In proteins, there are three types of chromophores relevant for UV/vis spectroscopy:
• peptide bonds (amide bond)
• certain amino-acid side chains (mainly tryptophan and tyrosine)
• certain prosthetic groups and coenzymes (e.g. porphyrine groups such as in haem).
The electronic transitions of the peptide bond occur in the far UV. The intense peak at 190 nm, and the weaker one at 210–220 nm are relevant transitions. A number of amino acids (Asp, Glu, Asn, Gln, Arg and His) have weak electronic transitions at around 210 nm. Usually, these cannot be observed in proteins because they are masked by the more intense peptide bond absorption. The most useful range for proteins is above 230 nm, where there are absorptions from aromatic side chains. While a very weak absorption maximum of phenylalanine occurs at 257 nm, tyro sine and tryptophan dominate the typical protein spectrum with their absorption maxima at 274 nm and 280 nm, respectively (Figure 1). In praxi , the presence of these two aromatic side chains gives rise to a band at ∼278 nm. Cystine (Cys 2 ) possesses a weak absorption maximum of similar strength as phenylalanine at 250 nm. This band can play a role in rare cases in protein optical activity or protein fluorescence.

Fig1. The presence of larger aggregates in biological samples gives rise to Rayleigh scatter visible by a considerable slope in the region from 500 to 350 nm. The dashed line shows the correction to be applied to spectra with Rayleigh scatter, which increases with λ −4 . Practically, linear extrapolation of the region from 500 to 350 nm is often performed to correct for the scatter. The corrected absorbance is indicated by the double arrow.
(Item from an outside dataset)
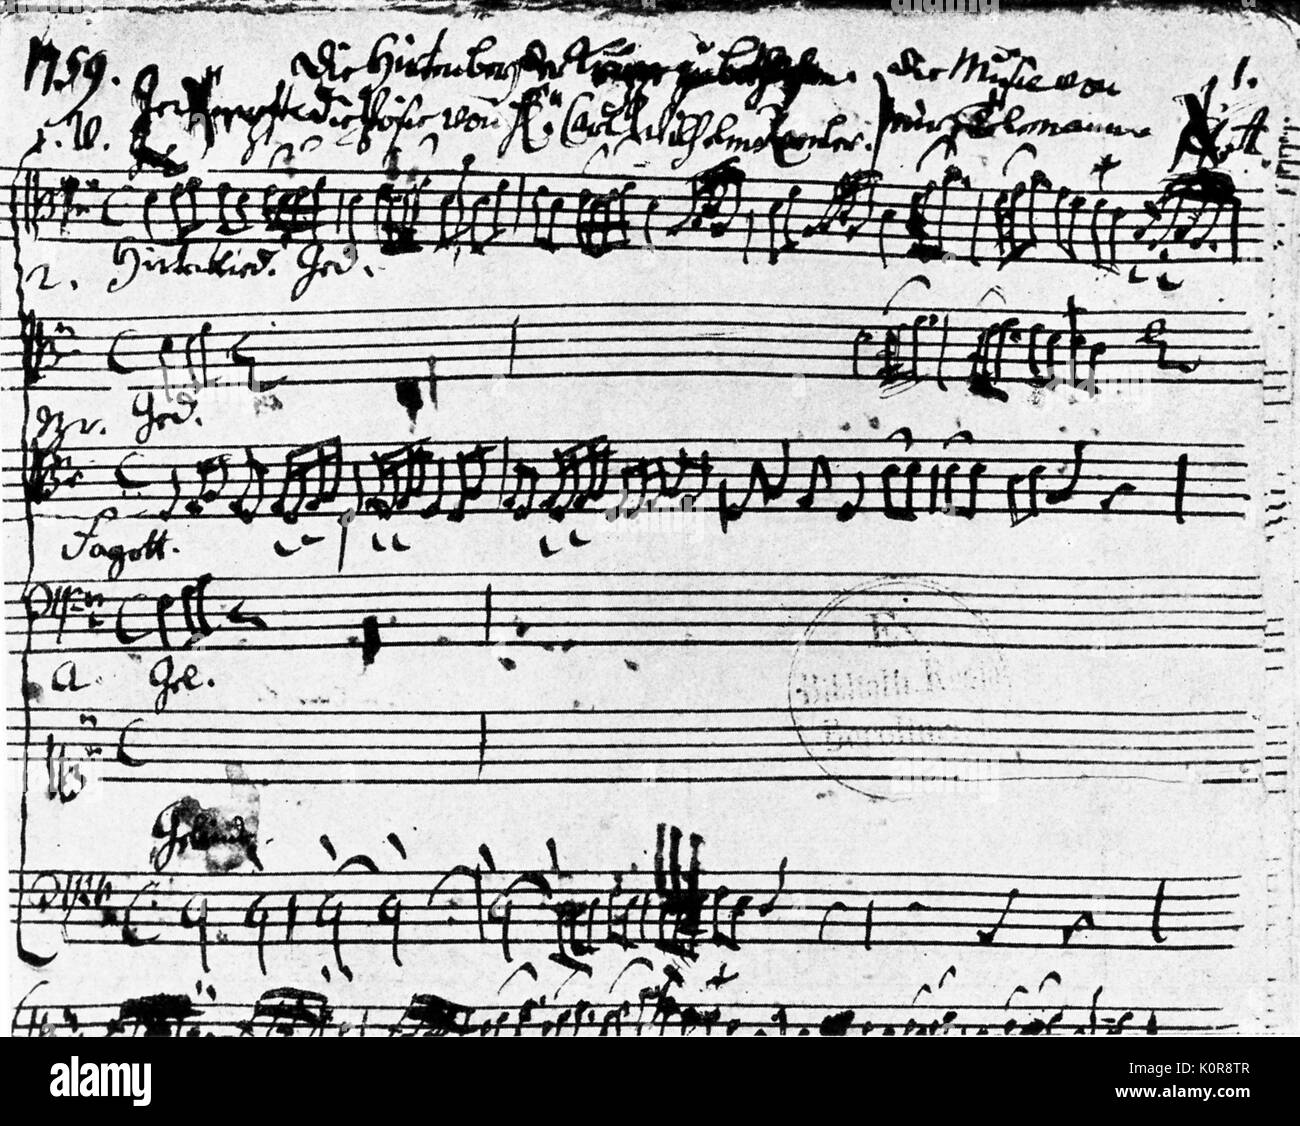 Telemann - Score 'Hirten bei der Krippe zu Bethlehem' German composer, 1681-1767 Stock Photo
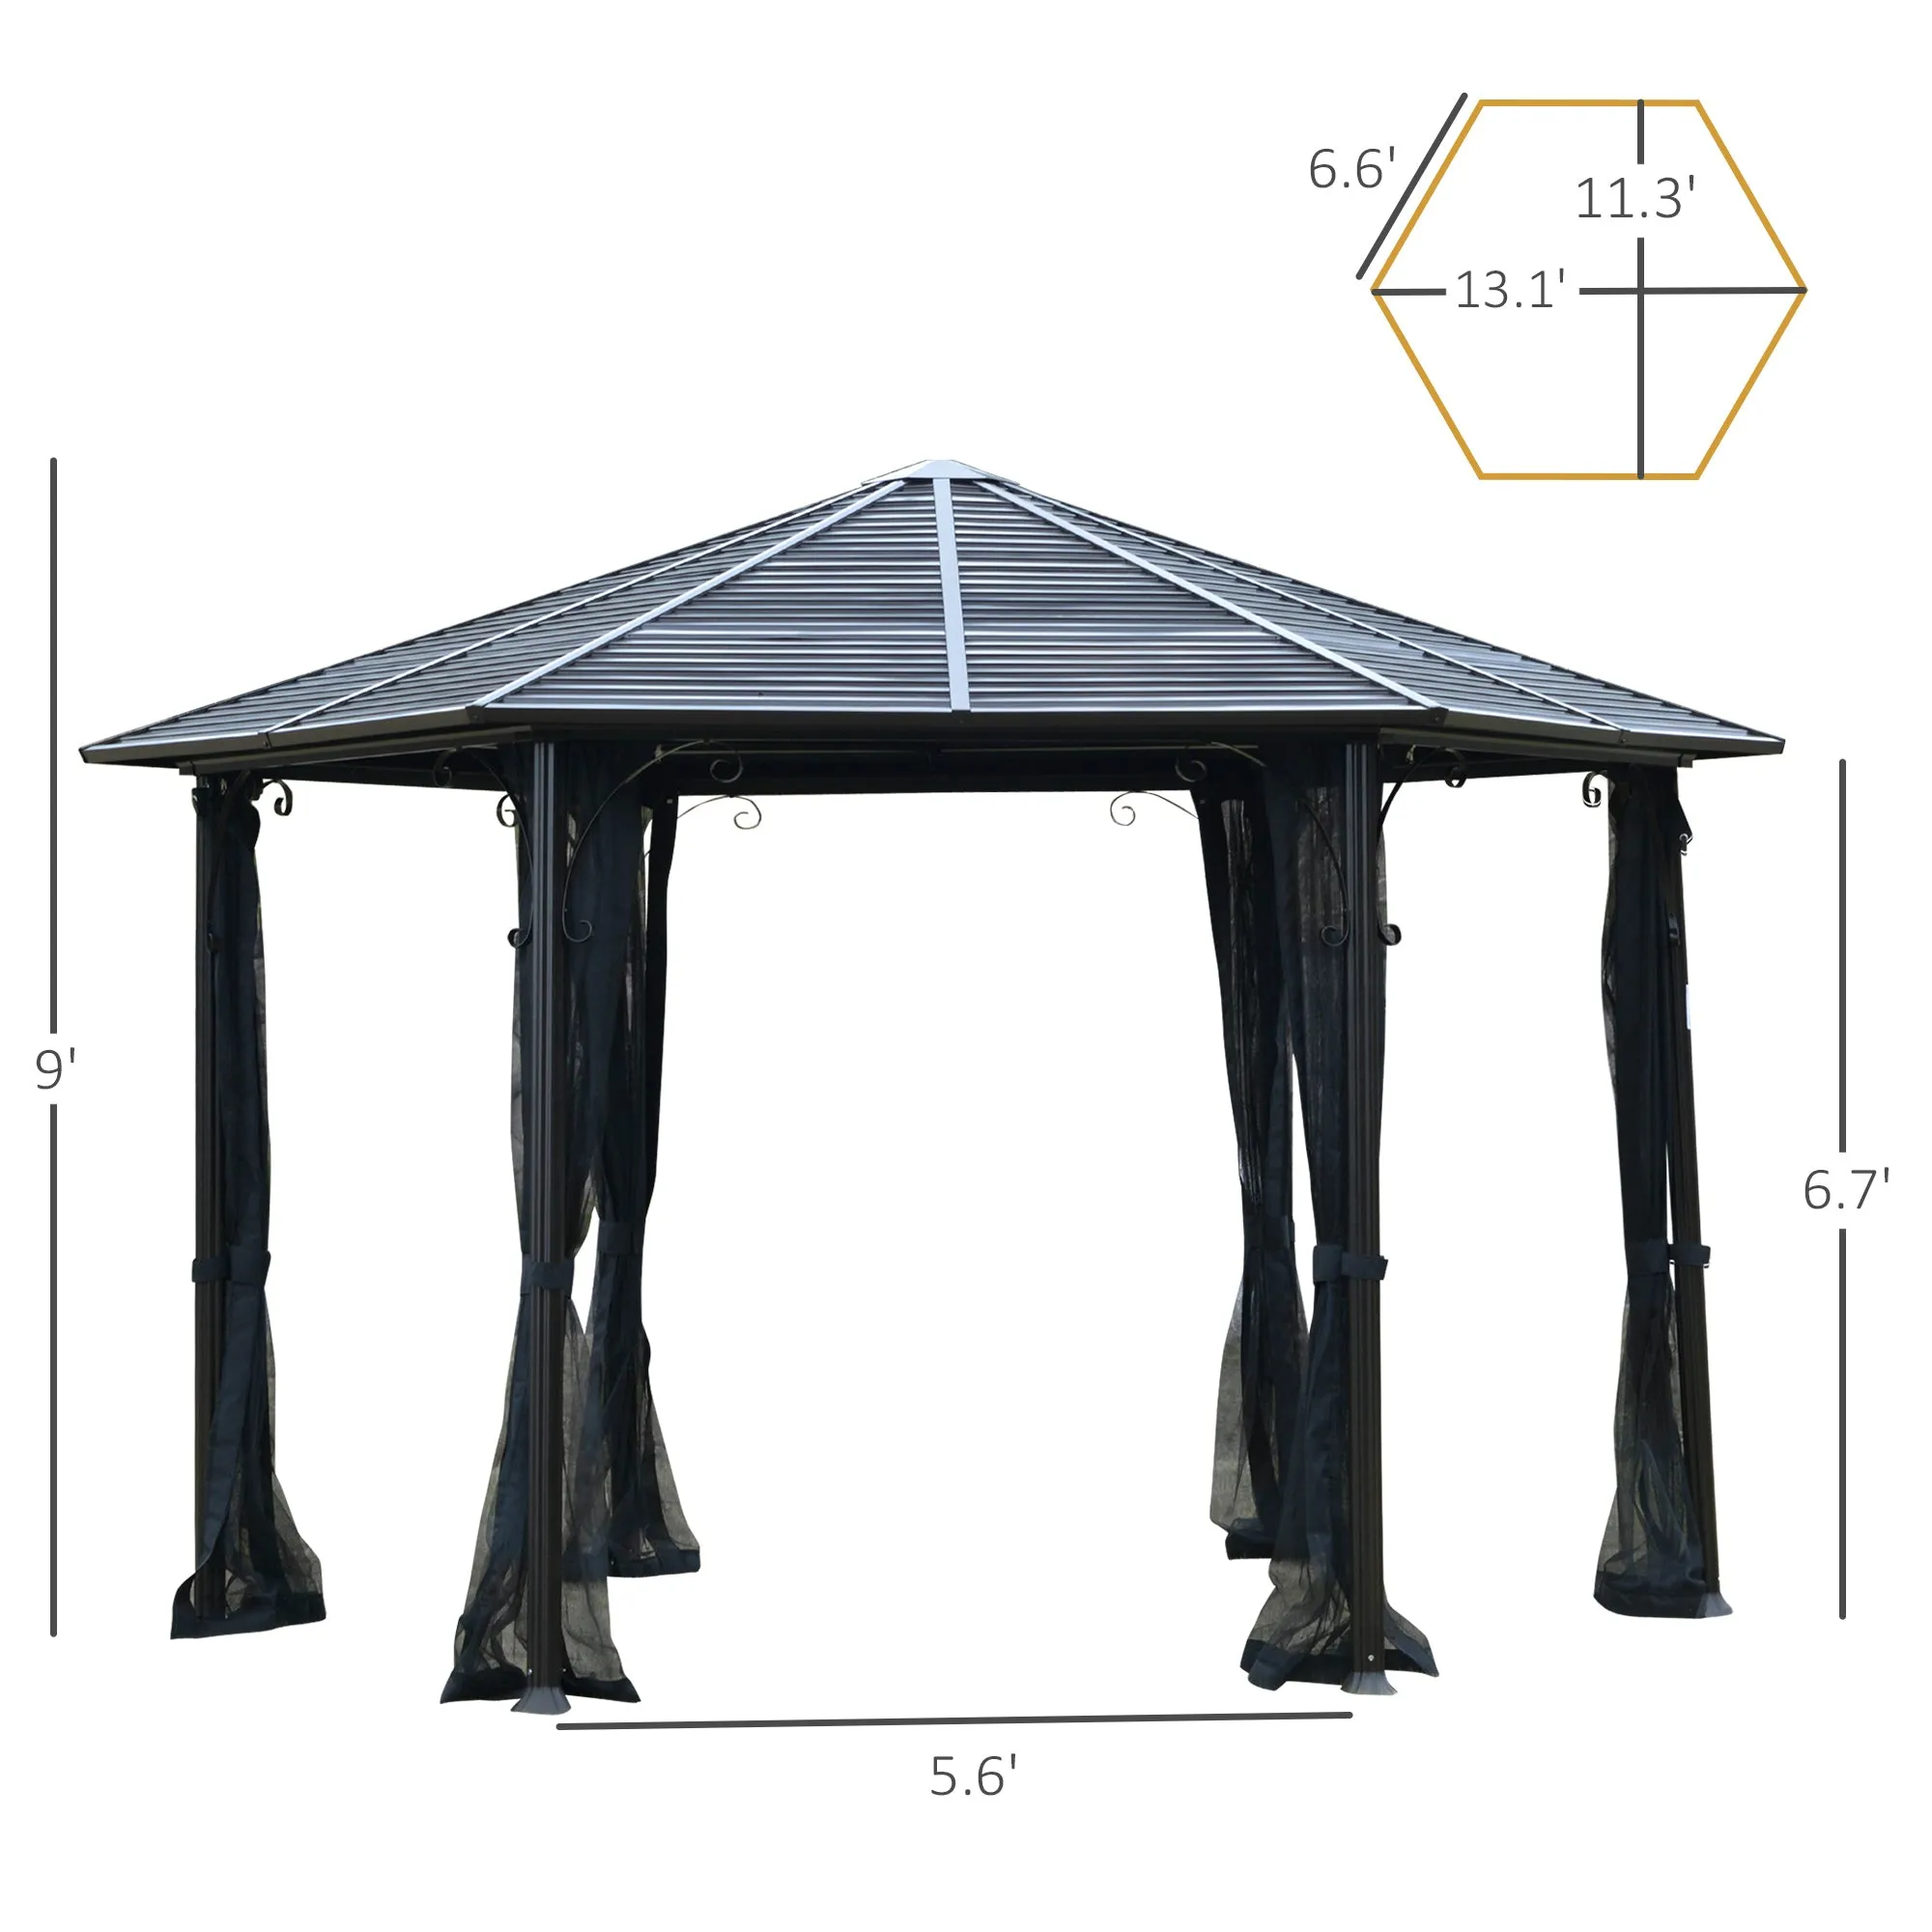 13' x 13' Steel Hexagonal Gazebo Canopy Heavy Duty Outdoor Pavilion with Aluminum Alloy Frame, Netting Sidewalls, Black

Proteins that contain prosthetic groups (e.g. haem, flavin, carotenoid) and some metal–protein complexes, may have strong absorption bands in the UV/vis range. These bands are usually sensitive to local environment and can be used for physical studies of enzyme action. Carotenoids, for instance, are a large class of red, yellow and orange plant pigments composed of long carbon chains with many conjugated double bonds. They contain three maxima in the visible region of the electromagnetic spectrum (∼420 nm, 450 nm, 480 nm).
Porphyrins are the prosthetic groups of haemoglobin, myoglobin, catalase and cytochromes. Electron delocalisation extends throughout the cyclic tetrapyrrole ring of porphyrins and gives rise to an intense transition at ∼400 nm called the Soret band . The spectrum of haemoglobin is very sensitive to changes in the iron bound ligand. These changes can be used for structure–function studies of haem proteins.
Molecules such as FAD (flavin adenine dinucleotide), NADH and NAD + are import ant coenzymes of proteins involved in electron-transfer reactions (redox reactions). They can be conveniently assayed by using their UV/vis absorption: 438 nm (FAD), 340 nm (NADH) and 260 nm (NAD + ).
In genetic material, the absorption of UV light occurs between 260 nm and 275 nm. The absorption spectra of the purine (adenine, guanine) and pyrimidine (cytosine, thymine, uracil) bases in nucleic acids or in polymers are sensitive to pH and greatly influenced by electronic interactions between bases.